Context: The Centre has sought a review of a Supreme Court verdict upholding the Delhi Government’s power to make laws and wield control over civil services in the national capital.

Governance of UTs in India Background

  • The dispute over whether the Lieutenant Governor or the Chief Minister would have powers over the administrative services in Delhi went to the Supreme Court.
  • The administrative services include appointments and transfers, in the national capital.
  • The Supreme Court held that the National Capital Territory of Delhi has legislative and executive power over administrative services in the National Capital, excluding matters relating to public order, police and land.
    • The Centre has moved the Supreme Court seeking review of this verdict.

What are Union Territories?

  • According to Article 1 of the Constitution of India, the territory of India can be classified into three categories:
    • Territories of the states
    • Union territories
    • Territories that may be acquired by the Government of India at any time.
  • Unlike the states of India, which have their own governments, Union Territories (UTs) are the federal territories, administered by the Union government of India.

Evolution of Union Territories

  • At the time of Independence, there were many princely states and former British India provinces needed to be coalesced together. The Indian Constitution that came into force in 1950 went a step further, recognizing four different categories of territories in Schedule 1:
    • Part A comprised former 9 British India provinces, having a Governor and a legislature.
    • Part B comprised former 9 princely states, governed by a ‘rajpramukh’ with legislatures.
    • Part C was a combination of princely states and Chief Commissioner’s provinces, being governed by a Chief Commissioner.
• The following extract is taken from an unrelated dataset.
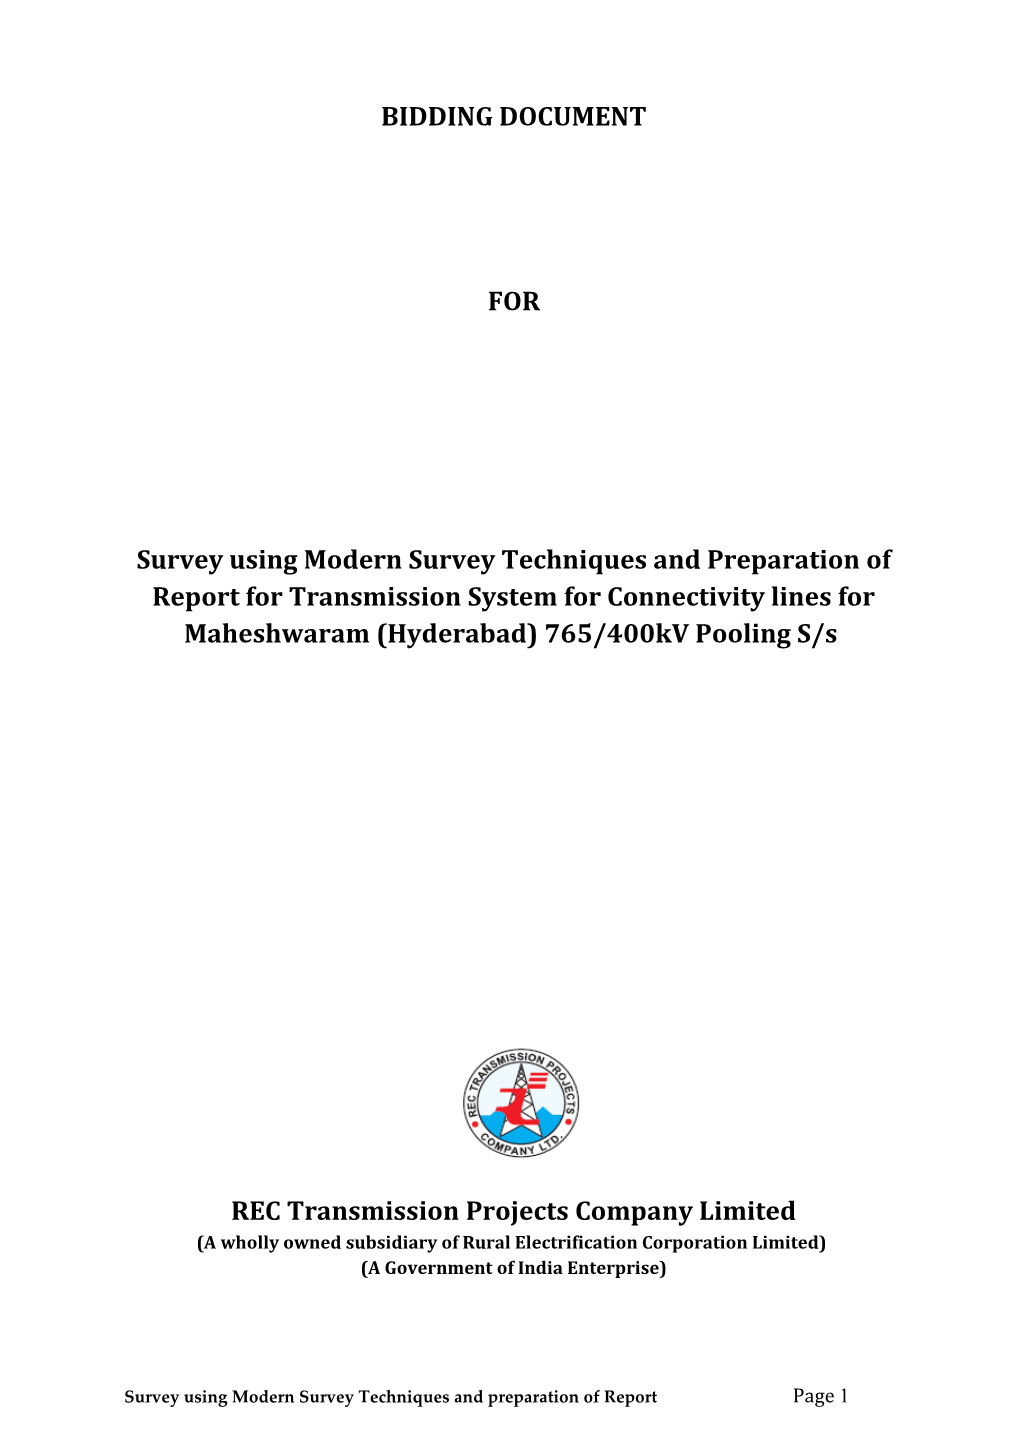 REC Transmission Projects Company Limited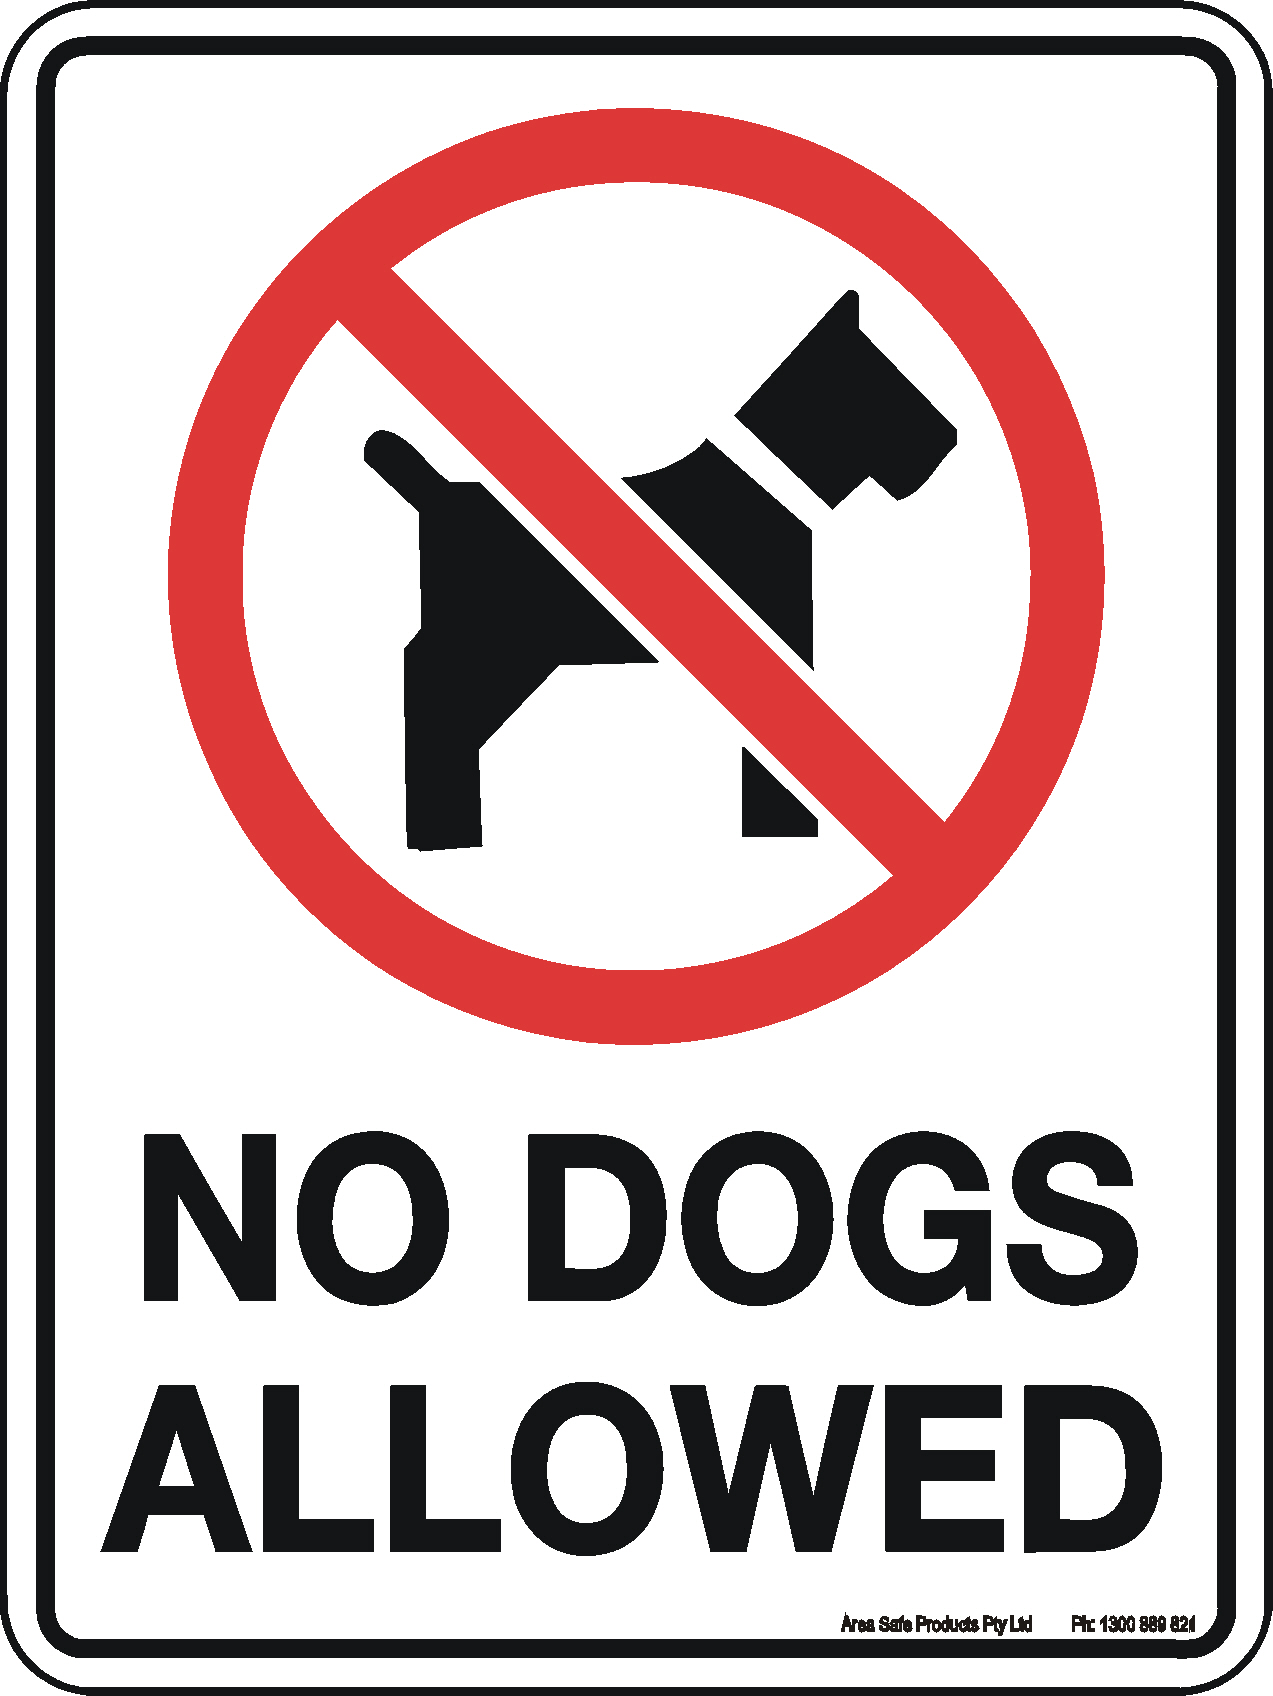 Additional property is not allowed. No Dogs allowed. No Dogs allowed sign. Знак Russians and Dogs are not allowed. Not allowed Dog.

These Part C states (in all 10 in number) were centrally administered.
    • The administrators of all three above categories were appointed by the President.
    • Part D comprised the lone territory of Andaman and Nicobar Islands, which had a Lieutenant Governor appointed by the Central Government. It was Part D that would go on to form the basis for the creation of Union Territories.

Need for Formation of Union Territories

  • During the discussion on reorganization of states in 1956, the States Reorganization Commission identified that these territories were economically unbalanced, financially weak and administratively and politically unstable and found that it was necessary to have them centrally administered.
  • These territories were created for many reasons like:
    • Political and Administrative Reason:  Some Union Territories were created for better political and administrative governance like Delhi and Chandigarh.
    • Cultural Uniqueness: Union Territories were also created to conserve and secure their cultural distinctiveness like Puducherry, Dadra & Nagar Haveli, Daman and Diu.
    • Strategic Significance: Some areas were strategically important for India like Andaman Nicobar, Lakshadweep owing to their location and international borders. Hence, they were better suited for Union Territories so that the Central Government could directly administer them.
  • Union Territories were constituted in 1956 by the 7th Constitutional Amendment Act (1956) and the States Re-organization Act (1956).
  • In due course of time, some union territories have been elevated to state statuses such as Himachal Pradesh, Manipur, Tripura, Mizoram, Arunachal Pradesh, and Goa.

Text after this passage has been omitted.